### Task objective
Every entry below is to be copied exactly as written.
══ Records shown ══
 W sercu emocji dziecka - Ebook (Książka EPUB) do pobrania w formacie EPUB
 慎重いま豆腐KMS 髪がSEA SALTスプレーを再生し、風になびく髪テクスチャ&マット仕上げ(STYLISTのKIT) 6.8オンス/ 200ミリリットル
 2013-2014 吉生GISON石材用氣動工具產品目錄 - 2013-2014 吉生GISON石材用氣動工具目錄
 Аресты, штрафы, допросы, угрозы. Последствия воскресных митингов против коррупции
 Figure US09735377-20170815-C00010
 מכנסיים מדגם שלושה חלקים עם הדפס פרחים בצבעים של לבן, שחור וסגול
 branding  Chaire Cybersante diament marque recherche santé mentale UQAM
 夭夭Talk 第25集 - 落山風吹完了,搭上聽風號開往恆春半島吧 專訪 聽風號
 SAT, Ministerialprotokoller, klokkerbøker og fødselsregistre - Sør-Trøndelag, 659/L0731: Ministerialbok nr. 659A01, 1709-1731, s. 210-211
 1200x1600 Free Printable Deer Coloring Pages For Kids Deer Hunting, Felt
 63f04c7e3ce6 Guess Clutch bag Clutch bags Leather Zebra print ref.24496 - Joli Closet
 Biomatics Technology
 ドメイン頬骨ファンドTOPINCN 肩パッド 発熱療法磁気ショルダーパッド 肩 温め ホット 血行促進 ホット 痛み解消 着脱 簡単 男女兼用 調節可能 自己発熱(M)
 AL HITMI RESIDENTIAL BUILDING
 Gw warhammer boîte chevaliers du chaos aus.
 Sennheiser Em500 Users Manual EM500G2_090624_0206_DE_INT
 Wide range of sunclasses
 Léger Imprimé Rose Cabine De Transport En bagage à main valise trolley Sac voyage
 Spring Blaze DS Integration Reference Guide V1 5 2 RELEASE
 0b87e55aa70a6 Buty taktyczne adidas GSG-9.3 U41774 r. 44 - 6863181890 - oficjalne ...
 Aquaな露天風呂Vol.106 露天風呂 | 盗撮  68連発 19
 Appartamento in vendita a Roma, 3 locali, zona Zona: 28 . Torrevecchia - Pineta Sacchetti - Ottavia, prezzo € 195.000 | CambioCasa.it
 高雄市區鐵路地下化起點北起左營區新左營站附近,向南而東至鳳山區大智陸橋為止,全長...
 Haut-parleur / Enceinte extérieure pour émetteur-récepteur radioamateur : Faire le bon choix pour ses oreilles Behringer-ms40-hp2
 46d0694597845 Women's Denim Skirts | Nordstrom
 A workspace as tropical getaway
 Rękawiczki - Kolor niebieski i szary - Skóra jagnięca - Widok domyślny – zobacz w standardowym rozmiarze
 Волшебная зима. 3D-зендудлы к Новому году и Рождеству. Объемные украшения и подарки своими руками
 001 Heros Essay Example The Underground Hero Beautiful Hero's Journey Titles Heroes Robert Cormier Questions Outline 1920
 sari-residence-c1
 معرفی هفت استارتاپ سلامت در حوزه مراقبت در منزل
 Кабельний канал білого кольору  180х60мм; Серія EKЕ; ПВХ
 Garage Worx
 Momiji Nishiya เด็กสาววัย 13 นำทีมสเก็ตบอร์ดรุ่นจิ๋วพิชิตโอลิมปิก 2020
═══
### Output
 W sercu emocji dziecka - Ebook (Książka EPUB) do pobrania w formacie EPUB
 慎重いま豆腐KMS 髪がSEA SALTスプレーを再生し、風になびく髪テクスチャ&マット仕上げ(STYLISTのKIT) 6.8オンス/ 200ミリリットル
 2013-2014 吉生GISON石材用氣動工具產品目錄 - 2013-2014 吉生GISON石材用氣動工具目錄
 Аресты, штрафы, допросы, угрозы. Последствия воскресных митингов против коррупции
 Figure US09735377-20170815-C00010
 מכנסיים מדגם שלושה חלקים עם הדפס פרחים בצבעים של לבן, שחור וסגול
 branding  Chaire Cybersante diament marque recherche santé mentale UQAM
 夭夭Talk 第25集 - 落山風吹完了,搭上聽風號開往恆春半島吧 專訪 聽風號
 SAT, Ministerialprotokoller, klokkerbøker og fødselsregistre - Sør-Trøndelag, 659/L0731: Ministerialbok nr. 659A01, 1709-1731, s. 210-211
 1200x1600 Free Printable Deer Coloring Pages For Kids Deer Hunting, Felt
 63f04c7e3ce6 Guess Clutch bag Clutch bags Leather Zebra print ref.24496 - Joli Closet
 Biomatics Technology
 ドメイン頬骨ファンドTOPINCN 肩パッド 発熱療法磁気ショルダーパッド 肩 温め ホット 血行促進 ホット 痛み解消 着脱 簡単 男女兼用 調節可能 自己発熱(M)
 AL HITMI RESIDENTIAL BUILDING
 Gw warhammer boîte chevaliers du chaos aus.
 Sennheiser Em500 Users Manual EM500G2_090624_0206_DE_INT
 Wide range of sunclasses
 Léger Imprimé Rose Cabine De Transport En bagage à main valise trolley Sac voyage
 Spring Blaze DS Integration Reference Guide V1 5 2 RELEASE
 0b87e55aa70a6 Buty taktyczne adidas GSG-9.3 U41774 r. 44 - 6863181890 - oficjalne ...
 Aquaな露天風呂Vol.106 露天風呂 | 盗撮  68連発 19
 Appartamento in vendita a Roma, 3 locali, zona Zona: 28 . Torrevecchia - Pineta Sacchetti - Ottavia, prezzo € 195.000 | CambioCasa.it
 高雄市區鐵路地下化起點北起左營區新左營站附近,向南而東至鳳山區大智陸橋為止,全長...
 Haut-parleur / Enceinte extérieure pour émetteur-récepteur radioamateur : Faire le bon choix pour ses oreilles Behringer-ms40-hp2
 46d0694597845 Women's Denim Skirts | Nordstrom
 A workspace as tropical getaway
 Rękawiczki - Kolor niebieski i szary - Skóra jagnięca - Widok domyślny – zobacz w standardowym rozmiarze
 Волшебная зима. 3D-зендудлы к Новому году и Рождеству. Объемные украшения и подарки своими руками
 001 Heros Essay Example The Underground Hero Beautiful Hero's Journey Titles Heroes Robert Cormier Questions Outline 1920
 sari-residence-c1
 معرفی هفت استارتاپ سلامت در حوزه مراقبت در منزل
 Кабельний канал білого кольору  180х60мм; Серія EKЕ; ПВХ
 Garage Worx
 Momiji Nishiya เด็กสาววัย 13 นำทีมสเก็ตบอร์ดรุ่นจิ๋วพิชิตโอลิมปิก 2020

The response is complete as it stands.